La col­lab­o­ra­tion entre ces trois par­ties (con­struc­teur, com­pag­nies et avi­a­tion civile) se fait à la fois dans l’in­ter­ac­tiv­ité (groupe mul­ti­par­ties) et dans l’al­ter­nance des pou­voirs (appro­ba­tions en deux étapes, par les com­pag­nies puis par les avi­a­tions civiles). 

Enfin, la respon­s­abil­ité ultime revient à la com­pag­nie aéri­enne. Con­for­mé­ment au droit aérien inter­na­tion­al, chaque pays étant sou­verain, le con­struc­teur four­nit les don­nées néces­saires aux exploitants mais n’ex­erce pas une tutelle sur eux. 

Il reste que la com­plex­ité et la longue accu­mu­la­tion d’ex­péri­ences néces­saires pour éla­bor­er ces pro­grammes de main­te­nance font que peu d’avi­a­tions civiles et peu de com­pag­nies se sen­tent qual­i­fiées pour décider d’elles-mêmes d’é­carts impor­tants par rap­port aux recom­man­da­tions du constructeur. 

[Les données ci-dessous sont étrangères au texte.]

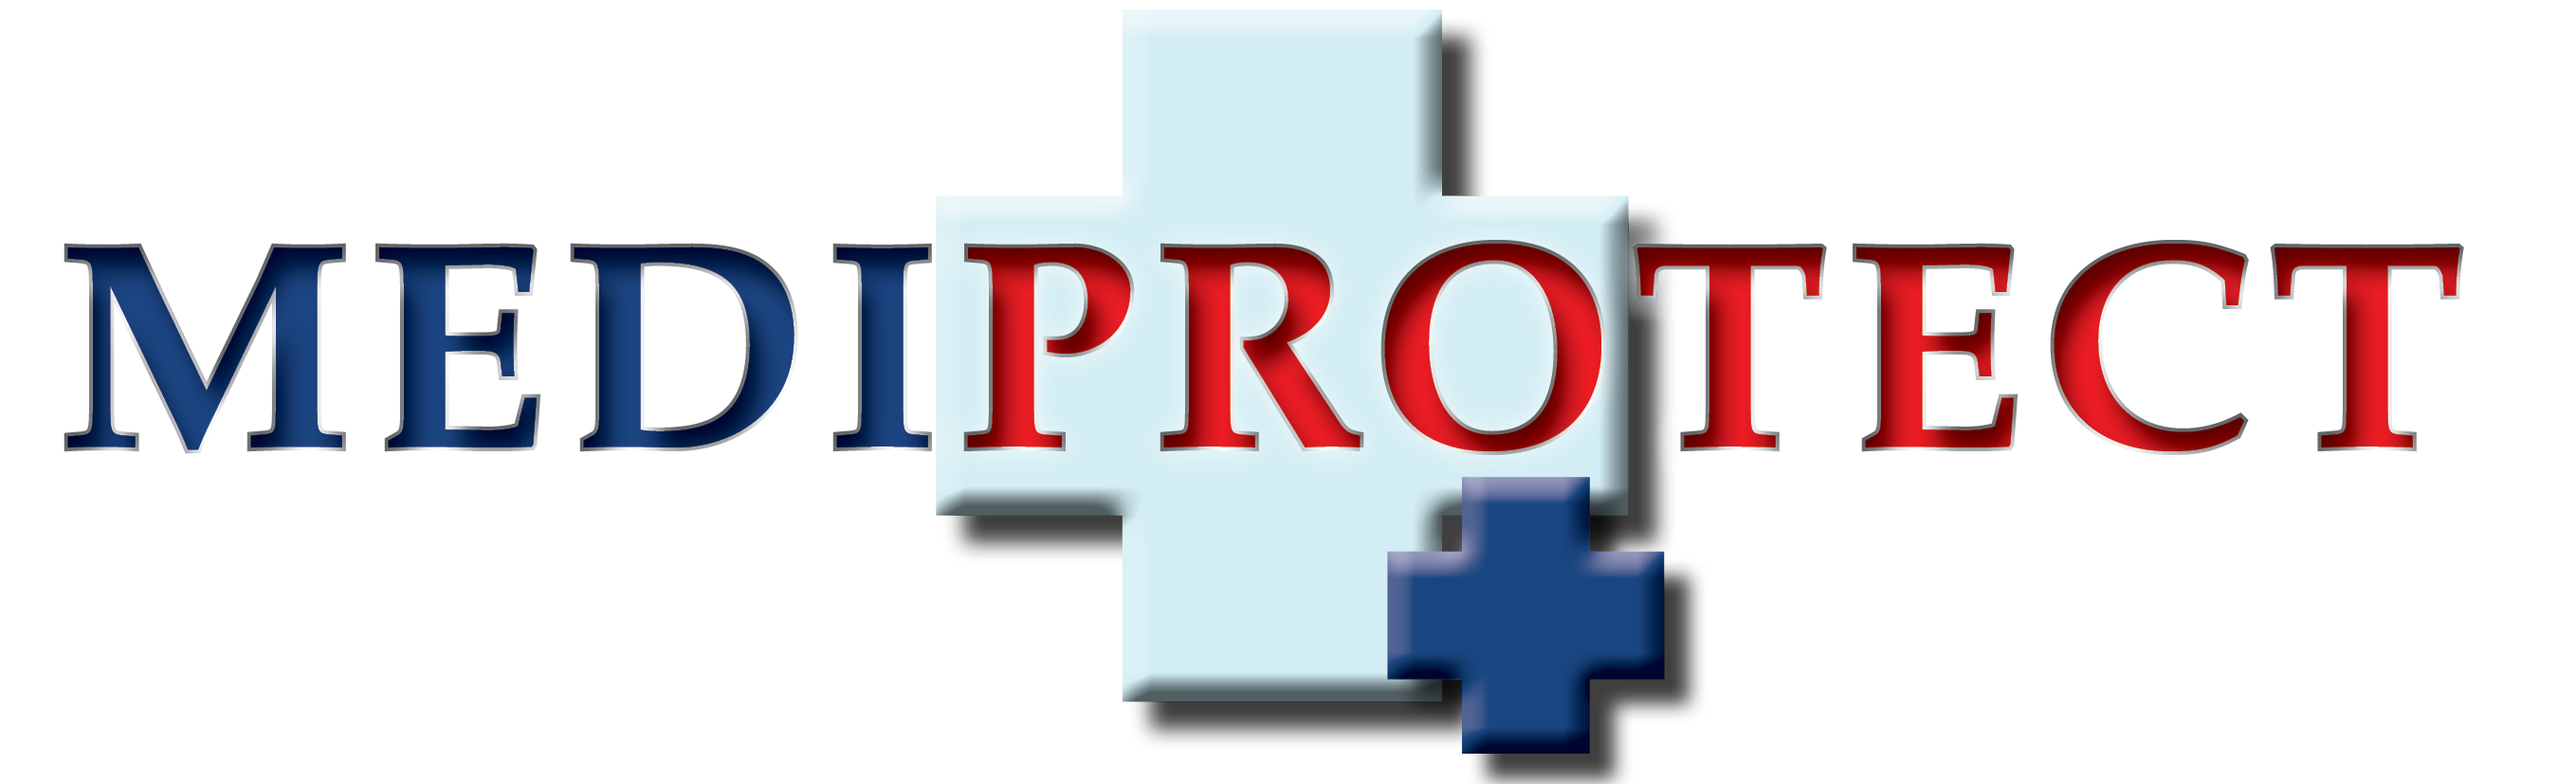 Mediprotect logo

Ain­si, une cer­taine cohérence mon­di­ale est réal­isée : les principes généraux util­isés en début de proces­sus sont uni­formes et suiv­ent les recom­man­da­tions de l’OACI. Et en bout de proces­sus, les pro­grammes indi­vidu­elle­ment appliqués par les exploitants sont très proches les uns des autres, tant il est com­plexe de s’é­carter du pro­gramme recom­mandé par le constructeur.